# Before returning north



## teegirl (Apr 29, 2012)

Hello all,  I have a new job these days that takes me all over the place,normally I travel by train, this time however I came in my car............. so of course the golf clubs have come along. I'm in Kent near Cranbrook, whilst working I only get about 3 hrs off in the afternoons so thought I'd try and go to a little par 3 18holes near by, Biddenden, any one played it?

 I finish at about 12ish on the 10th, if the weather improves, thought it would be good to have a game before or on the way home.
If your wondering whose the cheeky girl trying to blag a cheap round with a member the name is Jan play off 13(don't know how that happened, lol)  and have been taught all I know by your very own Uncle Bob.

Have clubs will travel))


----------



## bobmac (Apr 29, 2012)

Do you know how close you are to Smiffy's place?
Perilously close  
Hope he weather improves for you


----------



## GOLFBALL_WHACKER_GUY (Apr 29, 2012)

Biddenden is lovely, its very well maintained, although very enclosed so if you're slicing or hooking you will be finding a lot of trees!

Enjoy though, my father in-law is a member there.


----------



## Leftie (Apr 29, 2012)

Nice to hear from you again Jan.
I'd be happy to play a round with you anytime :whoo:.

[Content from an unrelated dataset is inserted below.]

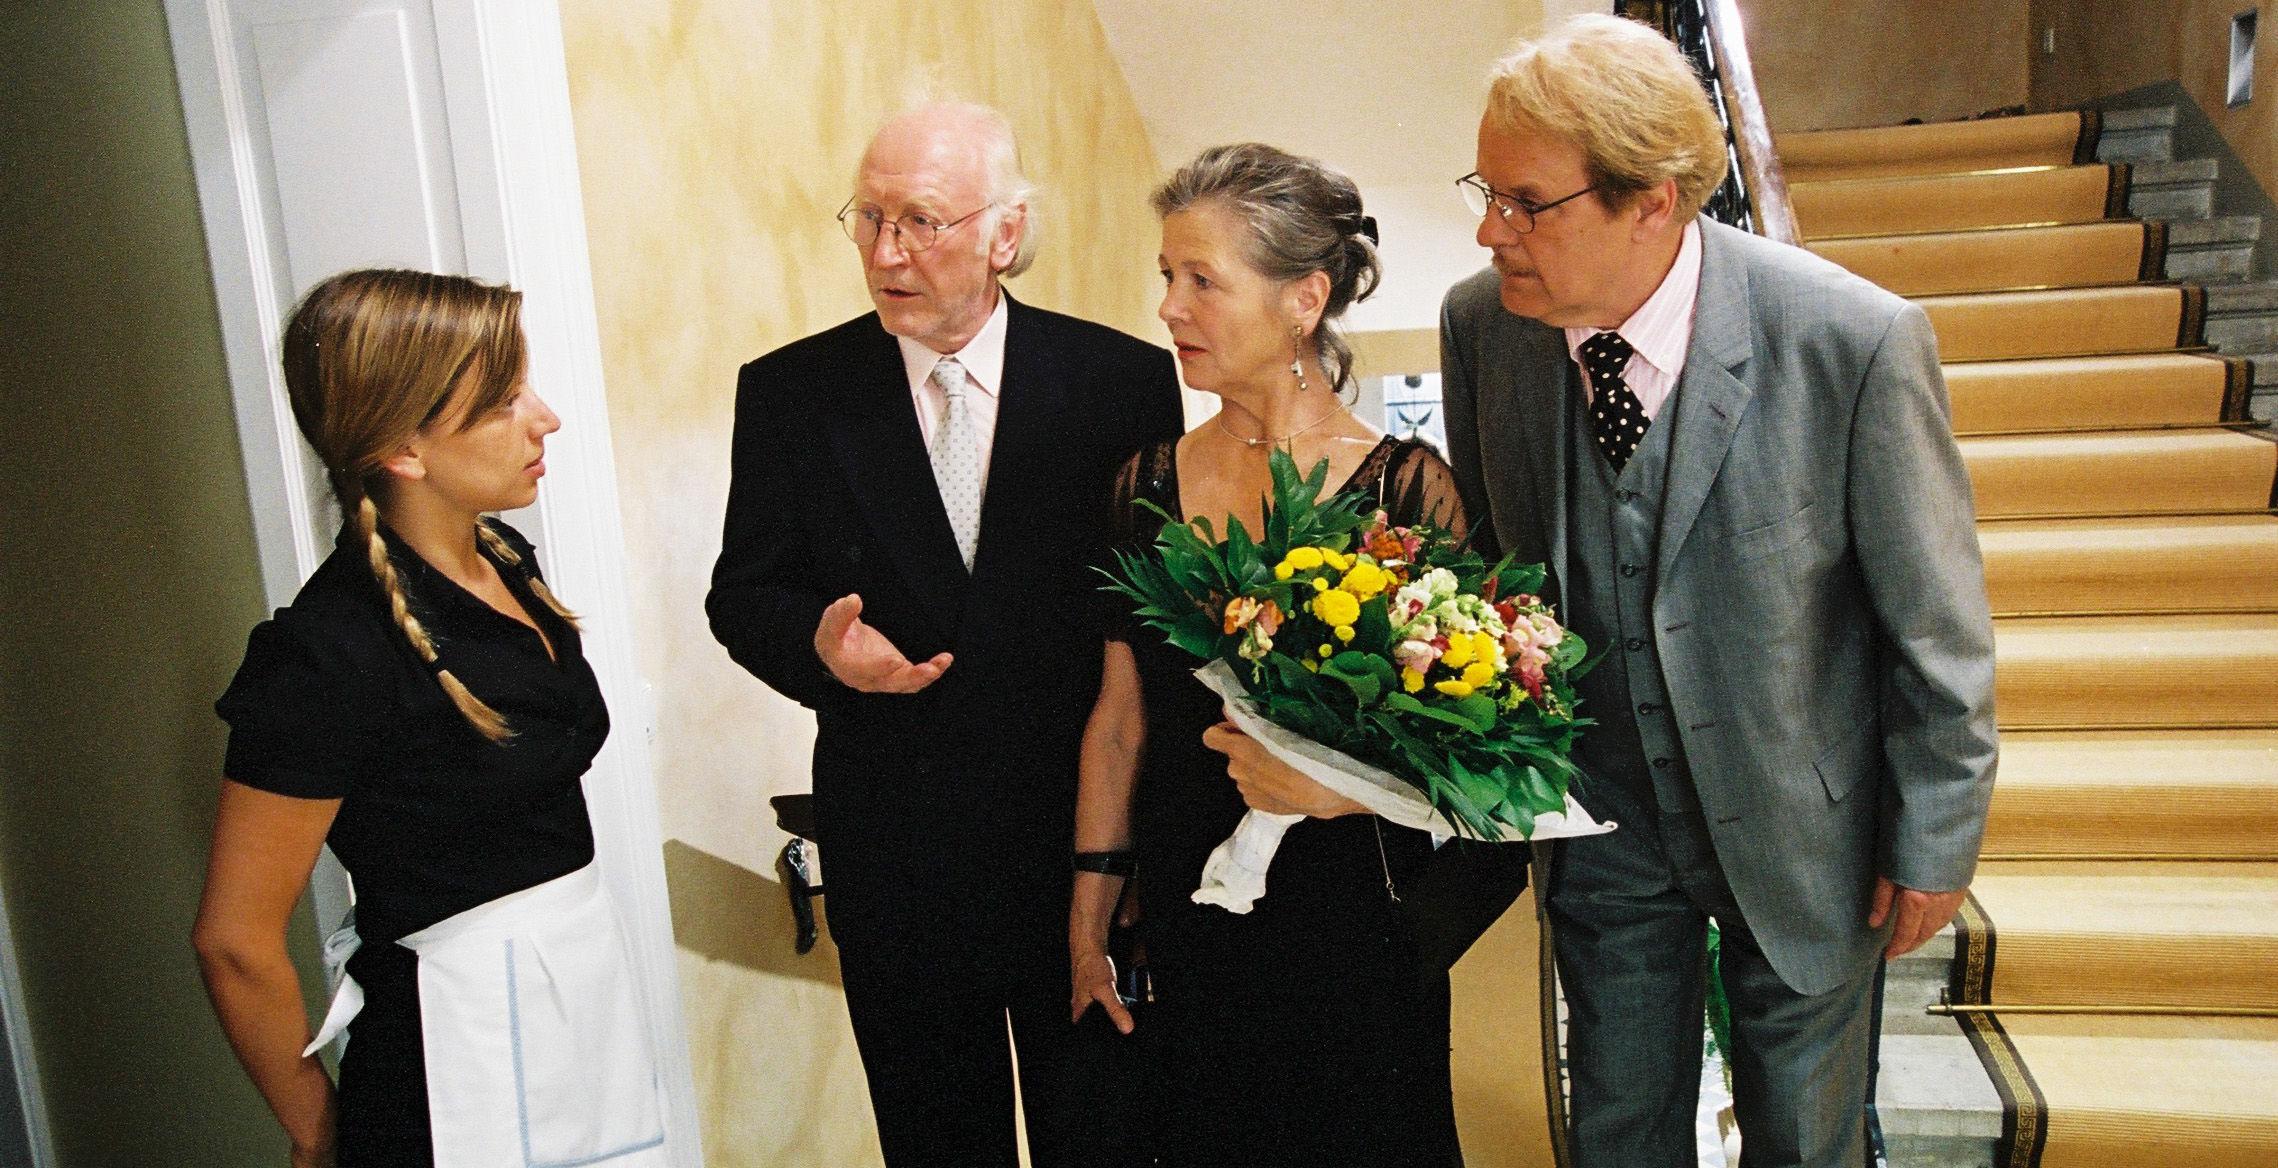 Haushaltshilfe (Martina Schwab), Paul (Karl Merkatz), Sandra (Helma Gautier), Albert (Peter Fricke)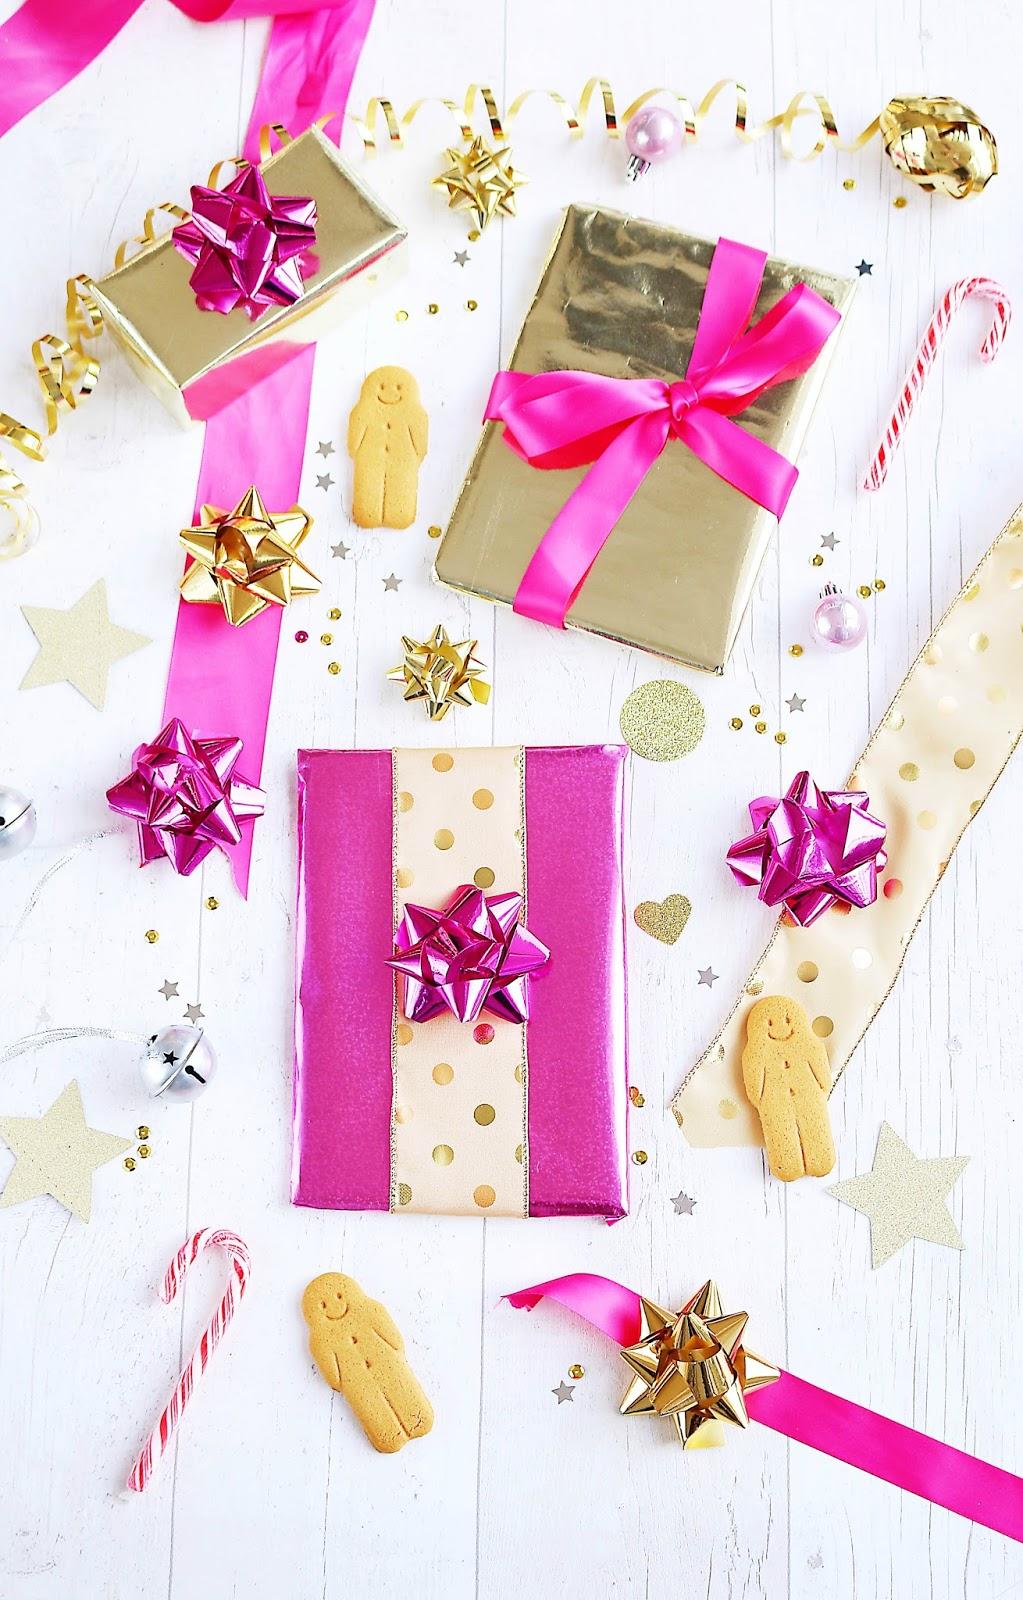 Christmas, Blogmas, Presents, Lifestyle, Wrapping Ideas, Pinterest, Saving Money,  Pinterest wrapping ideas, Pinterest gift wrapping, Pinterest Present wrapping, present wrapping ideas on a budget

You would be most welcome at Sundridge Park in Bromley that afternoon if you don't mind travelling home in the rush hour.  I'm sure we could get 1 or 2 other Forumers to join us.


----------



## teegirl (Apr 29, 2012)

Helloooo to you too leftie, sounds a perfect plan to me, and if nobody else wants to play we'll just play together).

And thanks Golfball I'll certainly go over to Biddenden, will need to brush up my short game to get within a mile of Leftie.......


----------



## AuburnWarrior (Apr 30, 2012)

I'd be well up for a knock around Sundridge Leftie if the offer's still open...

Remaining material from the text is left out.